Первое время они ютились у соседей и знакомых, а после пришла пора устраивать свою судьбу.

Таир не знал, почему мать решила идти в Багдад. Возможно, наслушалась сказок о дворце халифа с облицованным бирюзовой черепицей куполом и обитыми листовым железом воротами. Говорили, что этот город похож на сундук с сокровищами, что его минареты пылают в предзакатном солнце подобно золотым стрелам, башни переливаются всеми цветами радуги и излучают свет, словно драгоценные камни, а от людского потока на улицах кружится голова.

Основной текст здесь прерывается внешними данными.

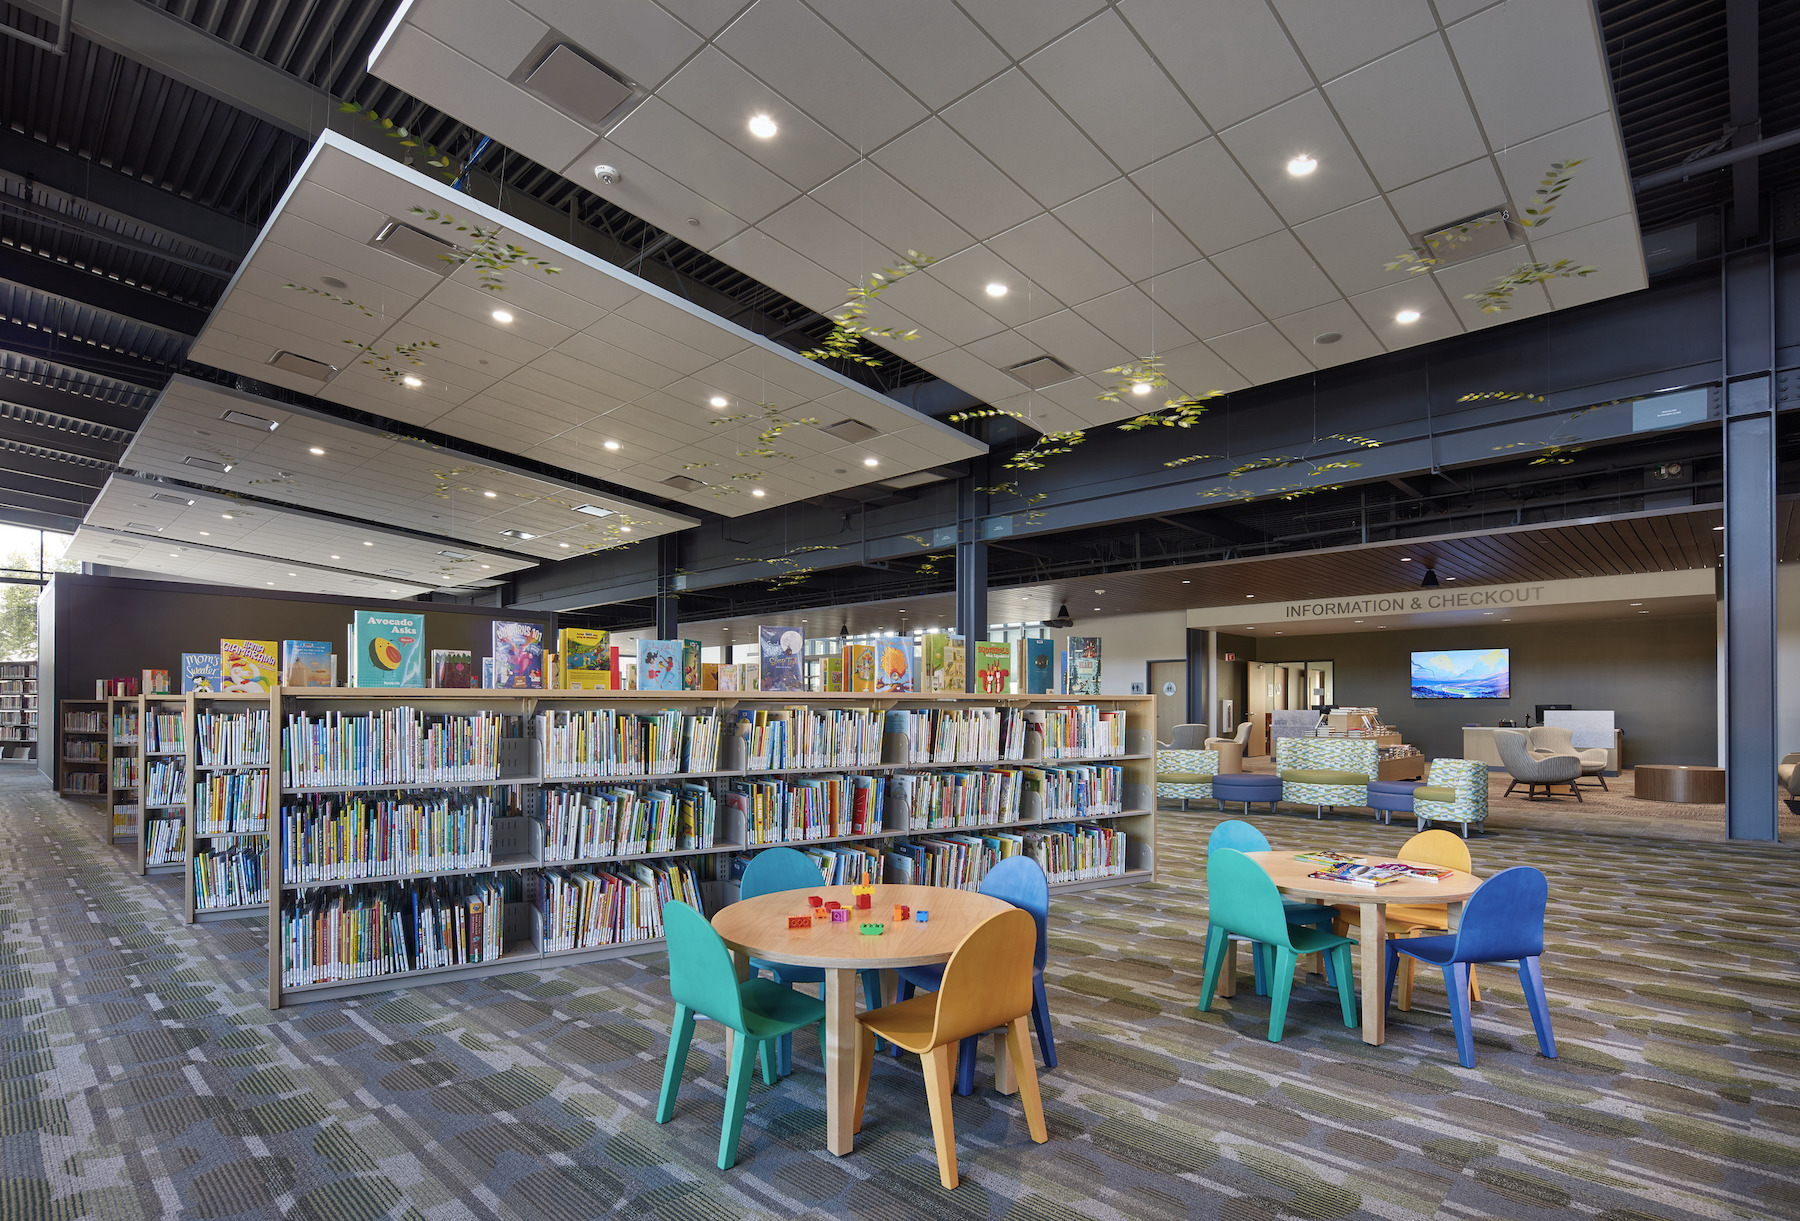 The new library in Menifee, Calif.

Однако Таир с трудом представлял, каким образом они с матерью заживут богато и счастливо, не имея ничего за душой. Разве что в Багдаде дирхемы валяются на дороге подобно камням или падают на голову с неба, как дождь!

Они отправились в путь рано утром и после полудня очутились возле городских стен. Предместье Багдада поразило Таира. Оборванные люди, покосившиеся лачуги, море грязи, запах нечистот.

— Здесь куда хуже, чем у нас в деревне. Зачем мы сюда пришли? — спросил Таир у матери.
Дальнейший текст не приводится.